Реформация, рассматриваемая изнутри, является окончательной победой учения Августина о благодати над его же учением о Церкви. Степень зависимости Лютера и Кальвина от Августина трудно определить, однако очевидно, что оба реформатора открыто признавали, что обязаны ему очень многим, при этом ни в коем случае не отказываясь от проверки его воззрений Св. Писанием. О Кальвине можно сказать, что он достиг кульминационного пункта позднего августинизма. В самом деле, в свои рассуждения о человеке и спасении он включил так много отрывков из Августина, что его учение в этом аспекте представляется продолжением дела его великого предшественника. Что же касается эпизодических случаев отхода Кальвина от Августина, то они характеризуют его как критичного ученика. Кальвин идёт дальше Августина в открытом утверждении двоякого характера предопределения, когда осуждение отверженных объясняется специфическим решением непостижимой воли Бога. Очевидно, это утверждение стало важным составным элементом теологии Кальвина вследствие никогда не ослабевавшей в нём убеждённости в ничем не обусловленной суверенности Бога. Эта убеждённость сформировалась под воздействием как чтения Св. Писания, так и личного опыта. Он чувствовал себя обязанным закрыть всякую лазейку для мнения, будто что-либо происходит иначе, нежели как под управлением божественной воли. Человек совершенно не в состоянии способствовать своему спасению; но и избранничество не обусловлено предзнанием Бога относительно веры и доброты человека.(6, с. 3).
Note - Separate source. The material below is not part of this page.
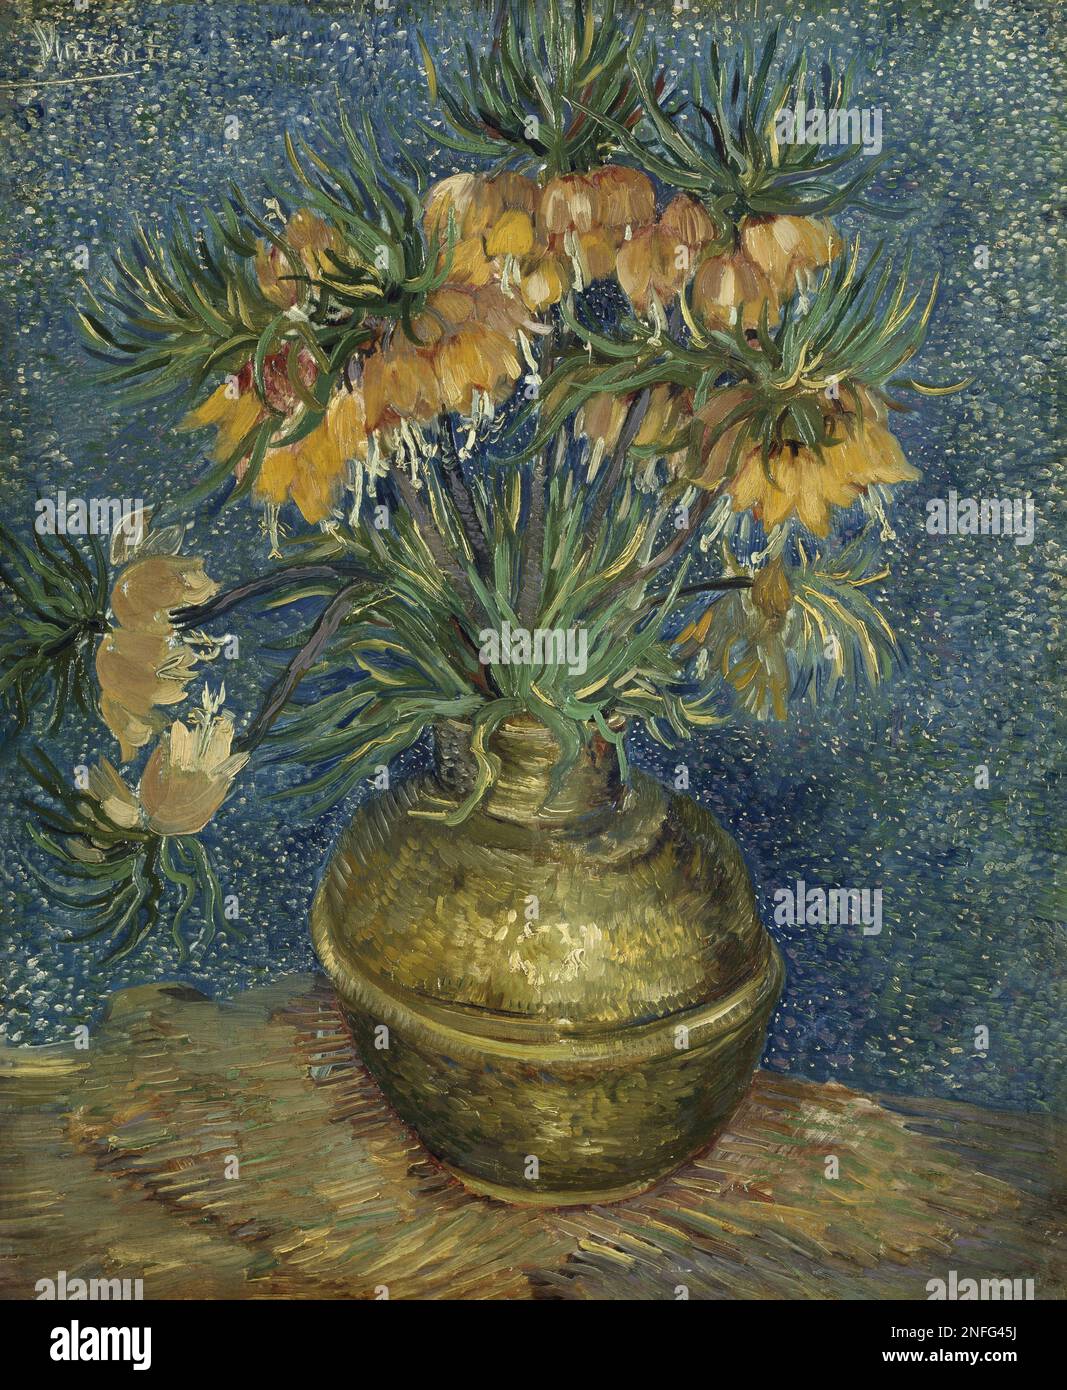 Imperial Fritillaries in a Copper Vase Stock Photo

Проклятие, предвечно наложенное на отдельных людей, было ортодоксальным и почти никогда не оспариваемым верованием. Как и некоторые августинисты до него, но с большей настойчивостью и последовательностью Кальвин связывал это осуждение с действием суверенной воли Бога: всё происходящее с человеком было определено предвечным решением Бога, и некоторым суждена вечная скорбь. Можно сказать, что здесь Кальвин связал воедино две теологические тривиальности. Результат, однако, оказался шокирующим для его собственного сознания и неприемлемым или мучительным для многих его читателей. Ужасно сознавать, что, хотя это решение как-то связано с самим отверженным, оно не может быть изменено и его нельзя избежать. Кальвин снова и снова повторяет учение об осуждении с совершенной определённостью. Он не довольствуется сведением функции воли Бога к тому, чтобы неизбранным не была дарована его спасающая милость: действие Божьей воли состоит не в «пренебрежении», но в «осуждении». Если ап. Павел говорил: «Кого хочет, милует; а кого хочет, ожесточает» (Рим 9:18),— то Кальвин произносит сходный лаконизм: «Когда Бог проходит мимо, Он осуждает».
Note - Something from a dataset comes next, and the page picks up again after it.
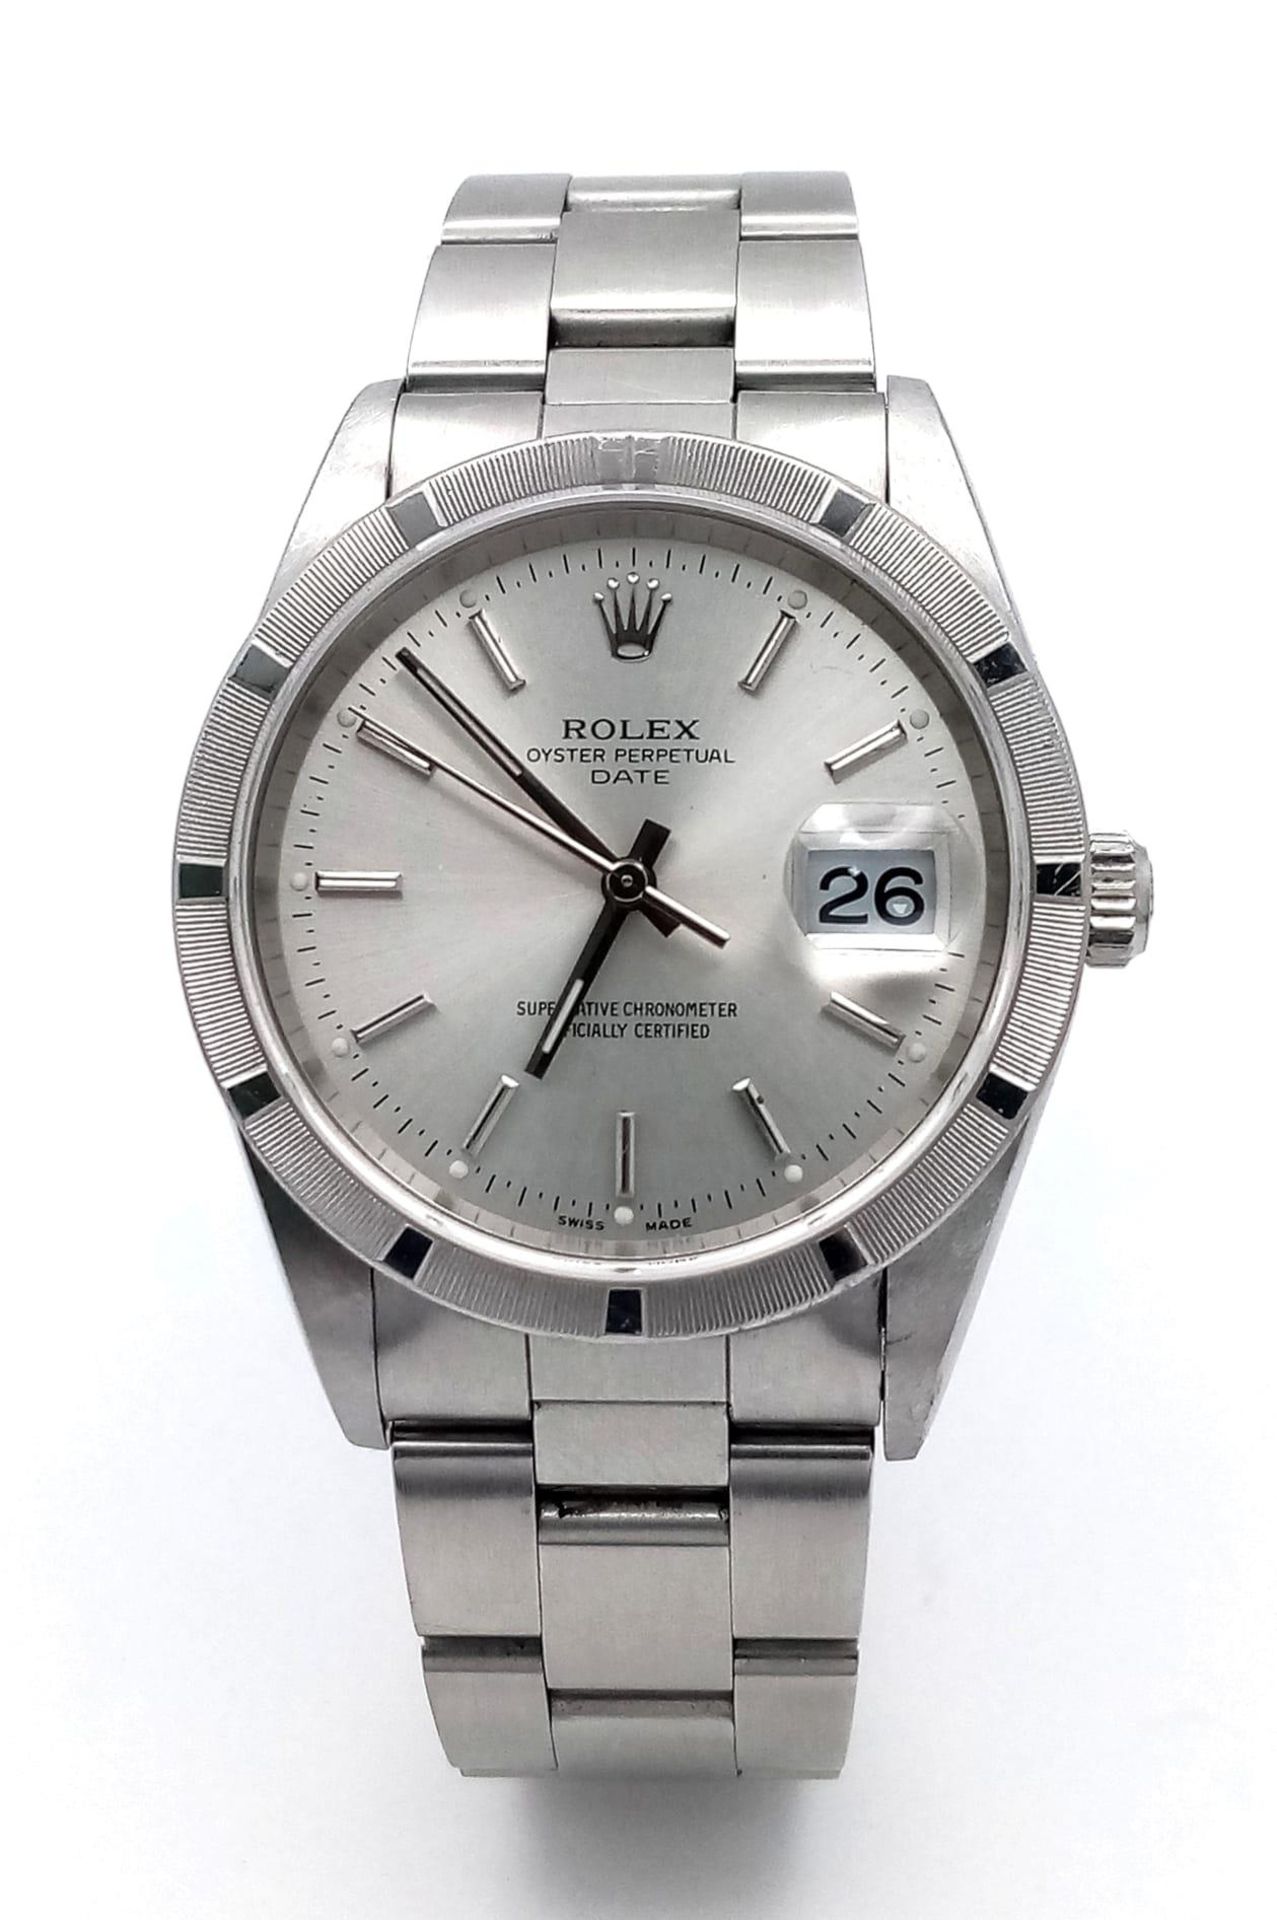 A Rolex Oyster Perpetual Datejust Gents Watch. Stainless steel bracelet and case - 35mm. Silver tone - Image 2 of 8

Сам Кальвин содрогается от такого вывода, даже объясняя и отстаивая его, и понимает нравственные затруднения, которые этот вывод влечёт за собой. Он весьма несдержан по отношению к тем, кто считает, будто Бог в этом случае становится творцом греха. Бог всегда остаётся любящим и справедливым, хотя таким образом, что это ускользает от нашего немощного понимания. Обострённое внимание Кальвина к предопределению частично объясняется тем, что он страшится его тайны. Соответственно, он просит об особой осторожности при упоминании этой темы. Беспокойство человека относительно собственного избрания он называет «сатанинским искушением». Он желал бы, чтобы зрелые умы размышляли об «этой возвышенной и непостижимой тайне», задумываясь над которой, «мы должны быть сдержанны и смиренны». Плоды избрания не проявляются во внешних преимуществах и процветании, которыми человек пользуется в этой жизни, где царит нечестие, а человек благочестивый вынужден нести крест. Благословение избранного заключается в его уверенности, что ему достаточно одного Бога и что среди всех горестей он находится под неизменной его защитой, а также в счастливом предвосхищении будущей жизни.(6, с. 4)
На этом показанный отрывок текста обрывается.